For all the complaints of Labour moderates, one of the most common is that Jeremy Corbyn has not offered a clear set of policies in opposition to the Conservative Party. This is not a new problem.
Labour found it difficult to find a coherent policy platform after leaving office in 2010. Ed Miliband struggled create a package of policies that both distinguished him from New Labour, while offering a strong alternative to the Conservatives. The Labour policy review under his leadership took several years, cost thousands of pounds, and produced little in the way of concrete policy alternatives.
Perhaps the clearest example of this was Miliband’s pledge before the 2015 general election to cut tuition fees to £6000 a year. Such policies are tweaks, not radical changes, and struggle to reach an audience. The tuition fee cut didn’t attract working people who never went to university, who were understandably not keen to subsidise the education of others when they did not benefit. Meanwhile students, who were strongly opposed to the principle of student loans when their parents studied for free, were not enthused by such relatively small change in their circumstances. As such, this policy won few votes.
However, Ed Miliband did at least offer an alternative to Conservative policy. Under Jeremy Corbyn, policy making in Labour has gone from sclerotic to non-existent.
Perhaps the easiest way to see this change is simply to log on to the respective party websites of Britain’s two major political parties.

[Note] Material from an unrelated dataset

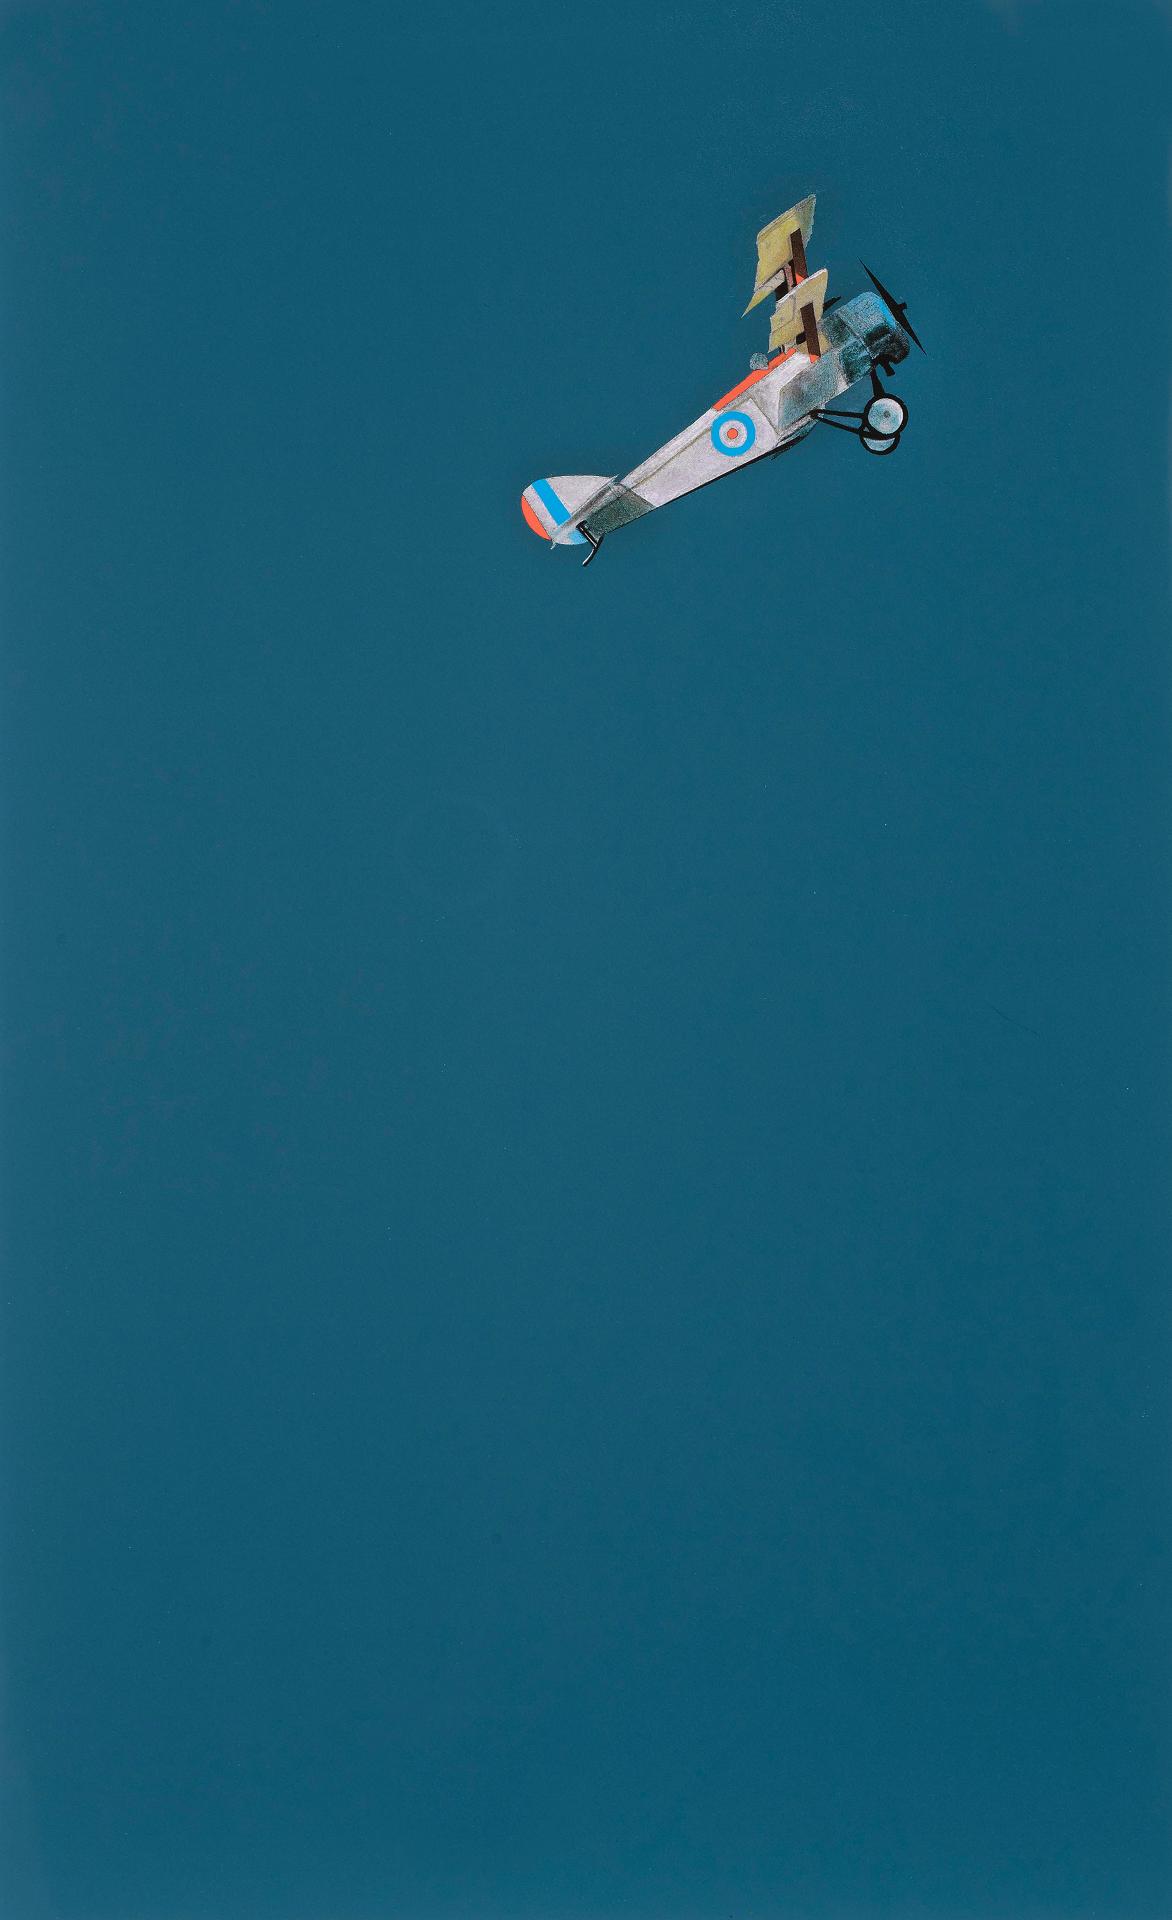 Charles Pachter (1942) - Charles Pachter, Airborne, 2014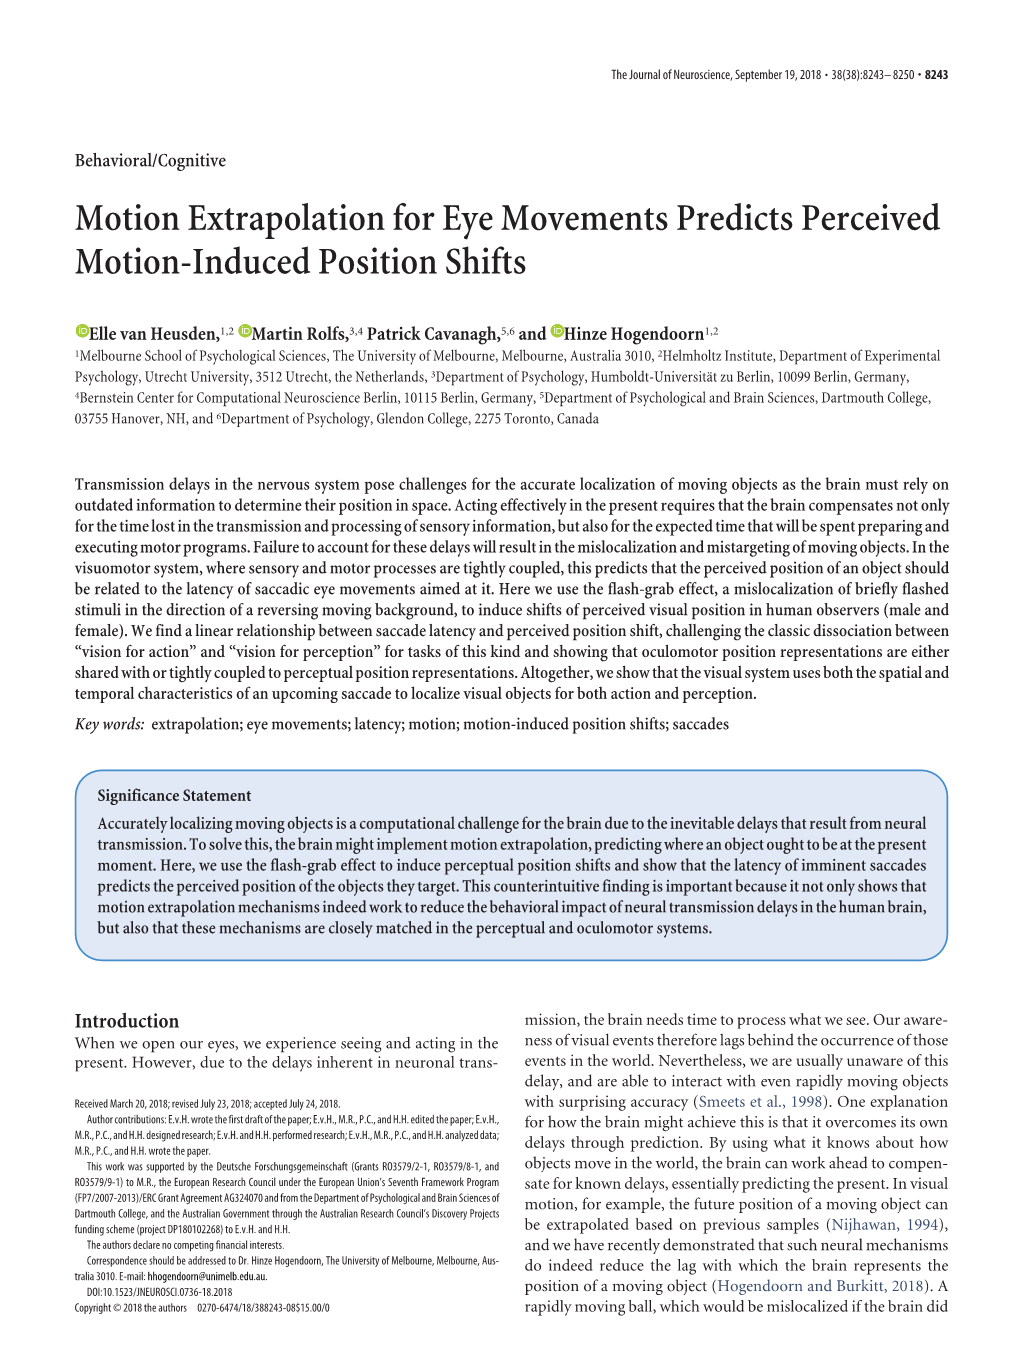 Motion Extrapolation for Eye Movements Predicts Perceived Motion-Induced Position Shifts

The Conservative Party website drives home its message of fiscal competence and its ambition to be the party of working people. There is even an interactive calculator to allow you to see exactly how the party thinks its policies are helping you directly, and a map of policy pledges that have been delivered in your local area.
If you log on the Labour Party website, you will see lots of pictures of happy, enthusiastic activists, but you will struggle to find anything policy related at all.
As Neil Coyle, Labour MP for Bermondsey and Old Southwark put it:
“All we get from Jeremy is the anti-politics, the anti-policy. He defines himself by what he is against and not by what he is for. The only policy he actually announced in his leadership launch, equal pay audits, was in our manifesto last year, so that is nothing new.”
It is not just Corbyn himself but the staff surrounding him in the leadership office that constrains policy making, moderates say. They produce little in the way of policy, and rarely challenge Corbyn on his ideas. Labour MPs find their policy ideas, and even basic questions, are simply not being passed on, with calls left ringing and emails not answered.
“He has appointed people who are unable or unwilling to challenge him. This goes to this air of intimidation problem. They just cannot … say to him you need to do this by this date, and they have never had a clear agenda. So what are the milestones? What are the things going on in real people’s lives that we can peg policies to? They don’t want to confront him because they don’t want to get shut out. Or worse they fear they will get slagged off and slated.”
This dearth of policy making has not gone unnoticed by those in the business of making it. Prominent left wing economists Thomas Piketty and David Blanchflower both recently announced that they had stepped back from advising the Labour Party.
The result of this culture of groupthink has been that the few concrete policy announced by Jeremy Corbyn have quickly fallen apart. Most recently, we saw confusion at his leadership launch, when he suggested that, under a Corbyn government, all drug research would be completed by the Medical Research Council, as part of the Department of Health.
“His policy on the NHS was baffling, because he sounded like he was saying only the public sector should invest in medical research in the UK,” said Coyle. “Well do you want to tell that to charities like the Dementia Society? Do you want to tell that to the Alzheimer’s Society? Do you want to tell that to Macmillan? Or Marie Curie?”
Indeed, this misunderstanding of the pharmaceutical industry, and the impact on patients of losing millions of pounds in private and voluntary sectors that banning them from the market would have, led to a rather trite reply from the Association of the British Pharmaceutical Industry:
“We would be very happy to meet Mr Corbyn to discuss his concerns and tell him more about our work and the value that we bring to UK patients and the UK economy.”
Coyle was somewhat blunter in his appraisal:
“It is a truly pathetic operation. He couldn’t run a bath.”
The incident forced a rapid U-turn from John McDonnell, but the damage was done.
However, just getting rid of Corbyn offers no easy solution to Labour’s policy problem. Labour leadership contendor Owen Smith announced a series of 20 left wing policies last week, including a wealth tax, increasing NHS funding above inflation, and a “New Deal” for £200bn in infrastructure investment. There is clearly a risk that this is perceived by the British public as a resurrected Milibandism, even in the unlikely event that Smith wins over the party base. To be fair to Smith, he has had little time to develop a full programme, but he will need to bear in mind such a policy approach was rejected comprehensively at the ballot box last year. An end to Corbynism will not spell the end of Labour’s policy conundrum.
The problem of Jeremy Corbyn for the Labour Party is not just one of leadership. The Labour Party policy making machine has stalled, with little prospect of a jump start in the near future going by his strong showing in the leadership election polls. If the Labour Party wants to become the party of government once more, this dearth of policy making will need to change.